# do bala sharks and red tail sharks get along



## hckygirl_31 (Dec 19, 2008)

i have 2 bala sharks an angle fish a blue gourami a cory bottom feeder and a pictus catfish and i wanted to get a much larger tank of course but i was wondering if a red tail shark and my other fish would get along


----------



## fish_doc (Jan 31, 2005)

Red tail sharks can sometimes be territorial. I would wait until you have a bigger tank. You already have plenty of bottom feeders.


----------



## hckygirl_31 (Dec 19, 2008)

thanks for the advice and how many gallons do u think would be the best size for my fish when they get bigger


----------



## fish_doc (Jan 31, 2005)

The larger the better. But reasonably a 55 would probably work as long as you maintian the water.
I was able to have 2 balas and 3 tin foil barbs with one pleco in a 60 gal tank for many years without issue. It wasn't until I went on vacation where things went haywire and I lost a few.


----------



## hckygirl_31 (Dec 19, 2008)

ok thnx would a long or tall be better or does it not really matter?


----------



## shev (Jan 18, 2005)

Red tailed sharks are definitely an active "chaser fish" and will harass others, although it's harmless with the fish you have, assuming they have enough space. I think they'd get along fine, espcially the bala and red tailed sharks if you don't mind the "excitement".

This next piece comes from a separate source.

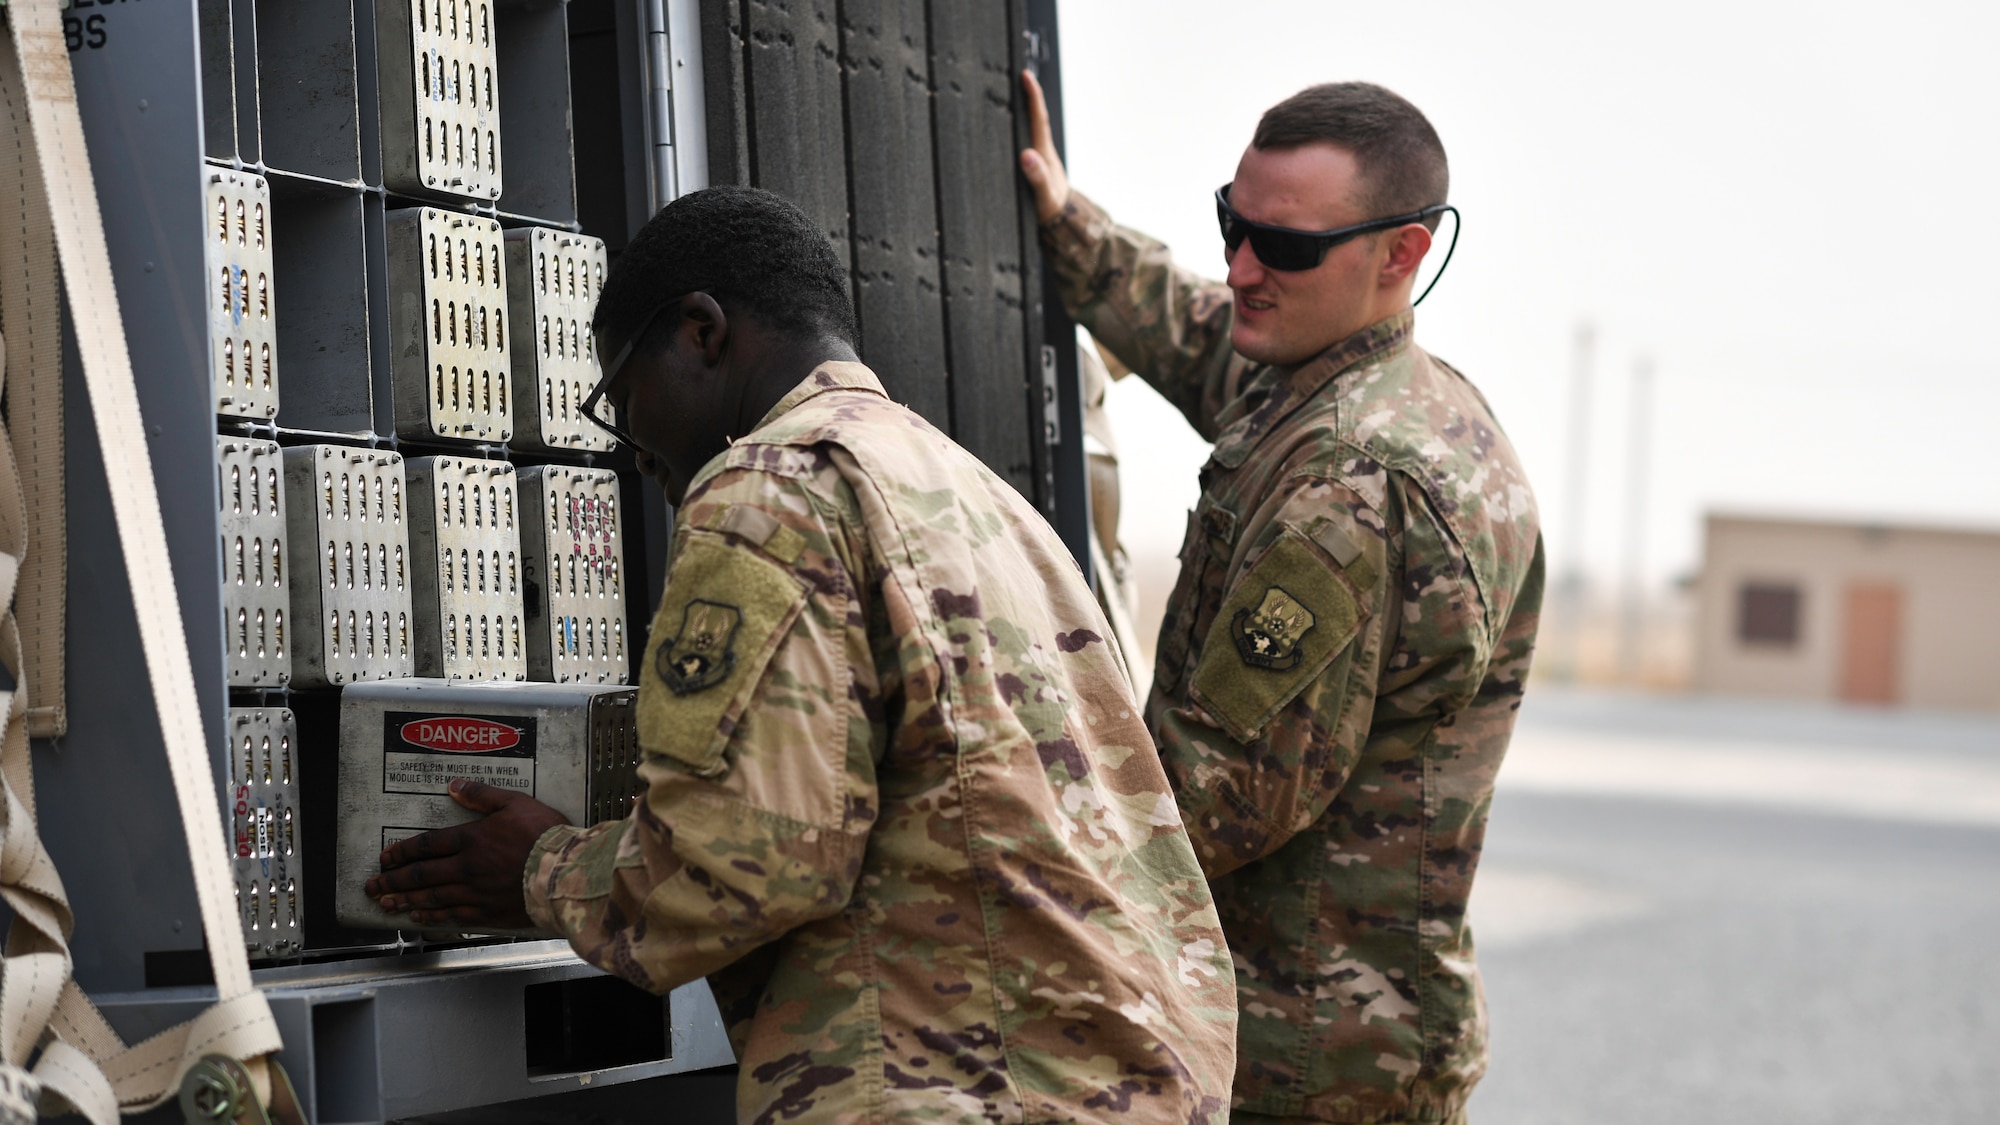 U.S. Air Force Senior Airmen Samson Lawanson and Reid Edmonds, 386th Expeditionary Maintenance Squadron munitions technician journeymen, store a flare housing module into a transportation trailer at Ali Al Salem Air Base, Kuwait, July 18, 2019. Transportation trailers are used to store units after they are inspected and repackaged before delivery to the aircraft. (U.S. Air Force photo by Staff. Sgt. Mozer O. Da Cunha)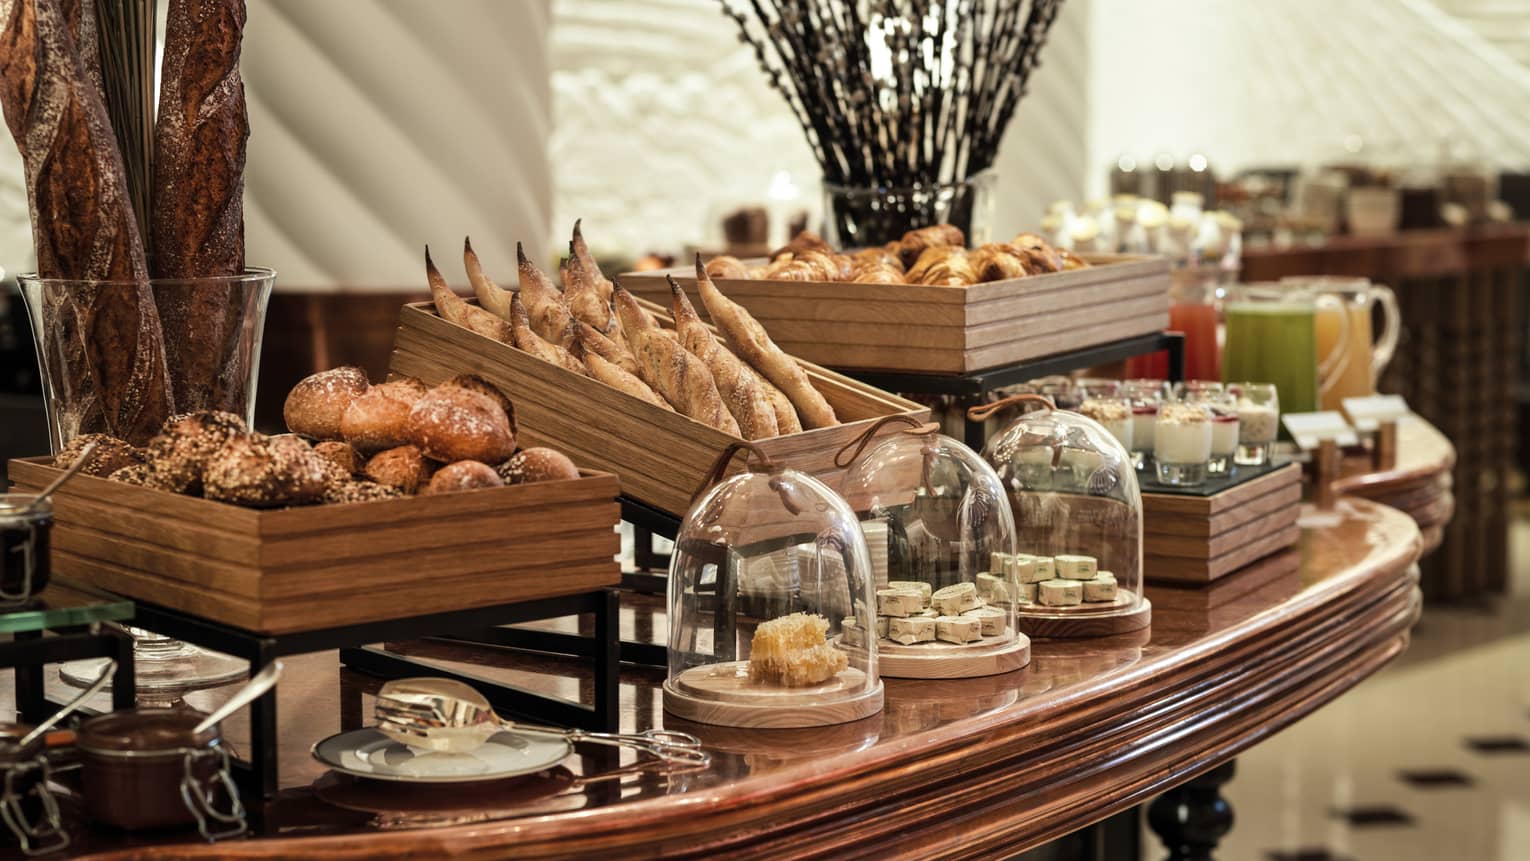 A decadent array of artisan breads and other baked goods in wooden crates and glass-covered dishes on a large wooden table.

If anything, the pictus and cory would be the most worrisome match up. As the Pictus gets larger he may decide to swallow the cory, then the cory's "horns" get stuck in the pictus' throat. I've heard horrow stories.


----------



## FishHead (Nov 16, 2006)

Balas get pretty large. I would get a minimum of 75 gallons for those.


----------



## hckygirl_31 (Dec 19, 2008)

yeah i was gonna get a tnk of a 100g or more once i find a pretty good one that is and my cory so far attaks the pictus more then the pictus attacks the cory and the cory is much smaller then the pictus already it fun to watch but i dont no if thats good or not?


----------